I’m a newbie in PyMC an am trying to model a problem:
- There are K sheep that are counting humans, where K is a RV from Bayesian inference
- Each individual sheep has a max human counter before they fall asleep, this is stored in the vector t \in \mathbb{R}^K
- Sheep are unobservant, so they have a probability p_c of detecting a human passing by and incrementing their count
- There are l humans passing by in total
- The matrix c\in \mathbb{R}^{l\times K} keeps track of each sheeps counter at the point of each humans passing
- For each passing, the amount of sheep falling asleep is observed and stored in a data set, and it is deterministically given by M_j=\sum_{i=1}^{K}{I(c_{ij}=t_i)}, where I is the indicator function. M_j is then used as a mean in a Binomial distribution into which the observations are passed
- The goal is to do inference on the distribution of max human counters t
The desired behaviour in more traditional Python code is given by:
m = [24, 14, 5, 2, 0, 0] # Observed data (amount of sheep falling asleep in each passing)

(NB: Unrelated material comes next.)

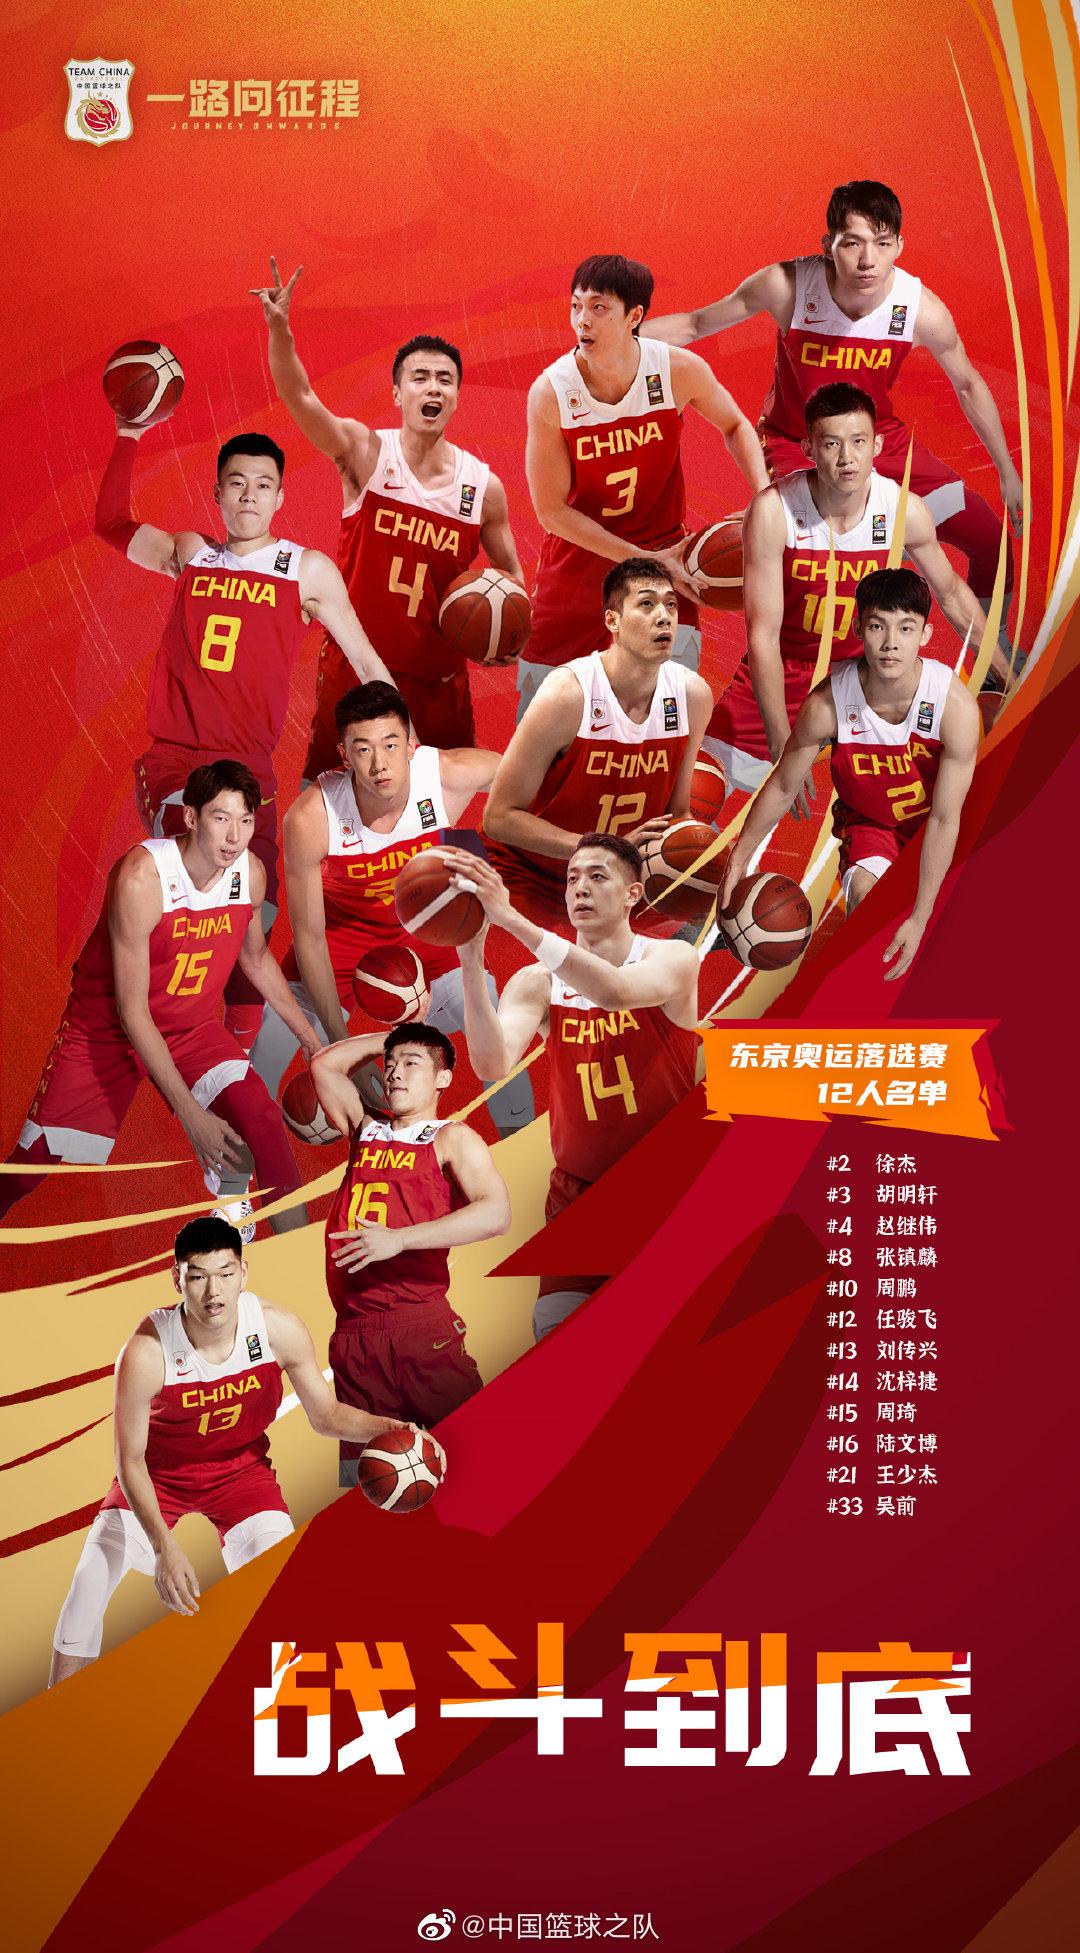 中国男篮奥运落选赛12人名单出炉 赵岩昊因伤落选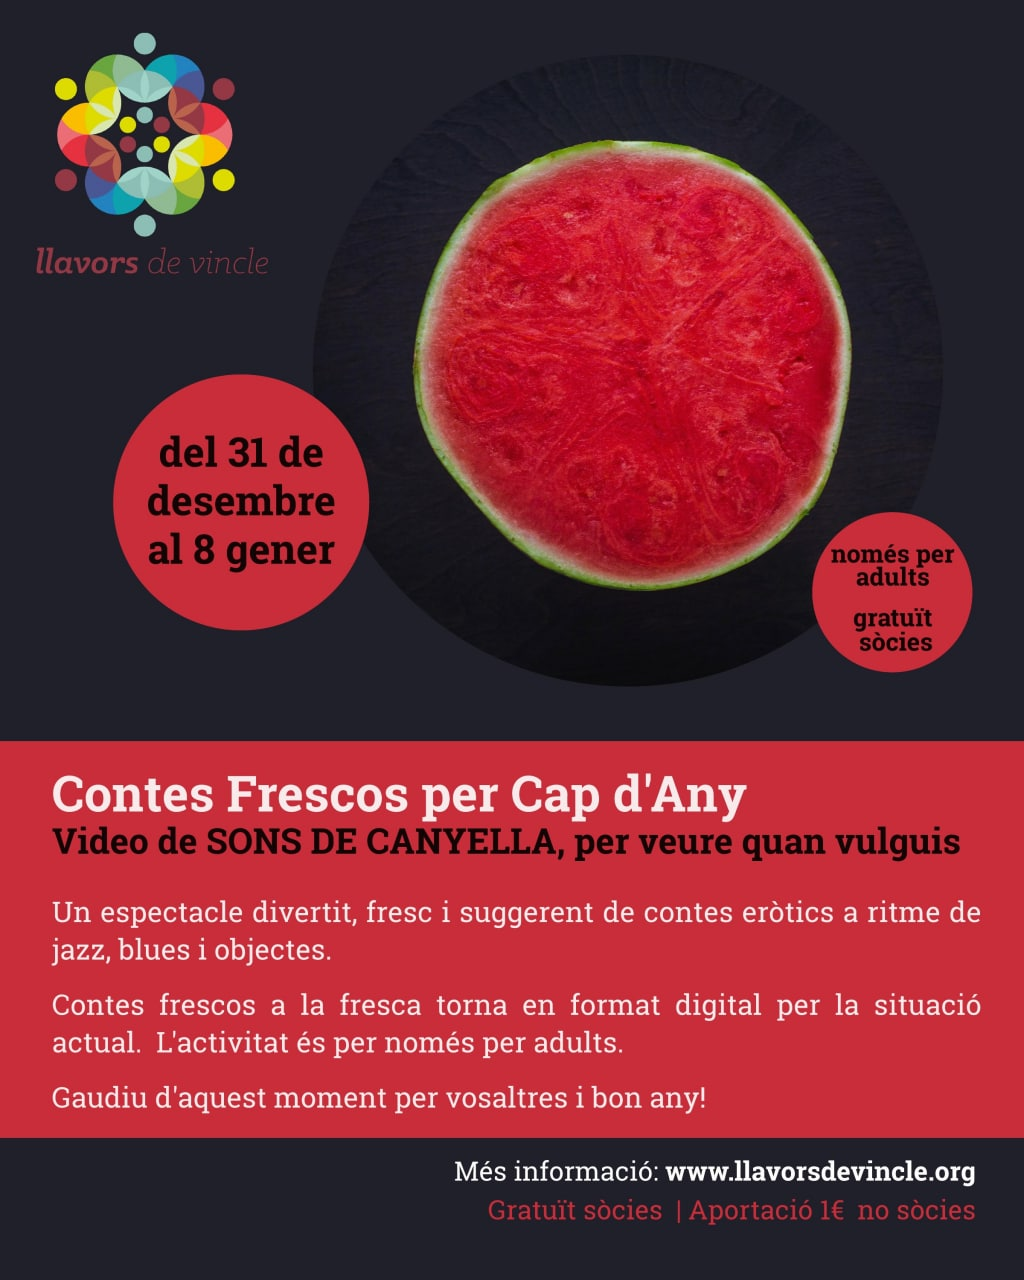 Contes Frescos per Cap d'Any

l = len(m) # Total amount of humans passed by
c_param = 1/20 # Parameter for a priori geometric distribution on max counter for each sheep
p_c = 0.4 # Detection probability
# Parameters for Binomial distribution approximating the normal:
p = lambda mu, sd: 1 - sd**2/mu
n = lambda mu, sd: mu / p(mu, sd)
sd = 1.2 # Standard deviation to be used in said distribution
# For the sampler:
n_samples = 5_000
tune = 2_500
with pm.Model() as max_counter_model:
# Amount of sheep K:
K = pm.Geometric("K", 1/5_000)
p_c = pm.Beta("p_c", alpha=11.20, beta=26.13) # Assuming the encounter probability to be centered around 0.3
like = pm.Binomial("like", p=p_c, n=K, observed=np.sum(m))
# Human counter:
t = pm.Geometric("t", c_param, size=K) # Max counter for each sheep
c = [] # Counter for each sheep at each human passing
for j in range(1, l+1):
c.append( pm.Binomial(f"c_{j}", p=p_c, n=j, size=K) )
m_det = at.sum(at.eq(c[j-1], t))
like = pm.Binomial(f"like_{j}", p=p(m_det, sd), n=n(m_det, sd), observed=m[j-1])
idata = pm.sample(draws=n_samples, tune=tune)
but this obviously does not work.
My questions are:
1
How can I define c as a tensor and broadcast in each human passing? I want to achieve something like
pm.Binomial(f"c", p=p_c, n=at.arange(1, l+1), size=(l, K))
such that each row in C is a K-dimensional vector of binomially distributed variables. Defining it like above yields a broadcasting error, defining it as the transpose gives some shape error down the line.
2
Say I do manage to define c appropriately. How can I iterate through the rows and calculate M_j? Do I have to use the aesara.scan
function or can I do it with a regular for-loop somehow?
3
Is it even possible to do inference this way using M_j as a mean in a binomial likelihood. The reason I’m doing it is because I know that observed deterministics are not supported, and this is my workaround. I have no idea if it works though.
I would really appreciate any help or someone just telling me it’s impossible. Critizism to my PyMC skills are also very welcome!
Thank you for reading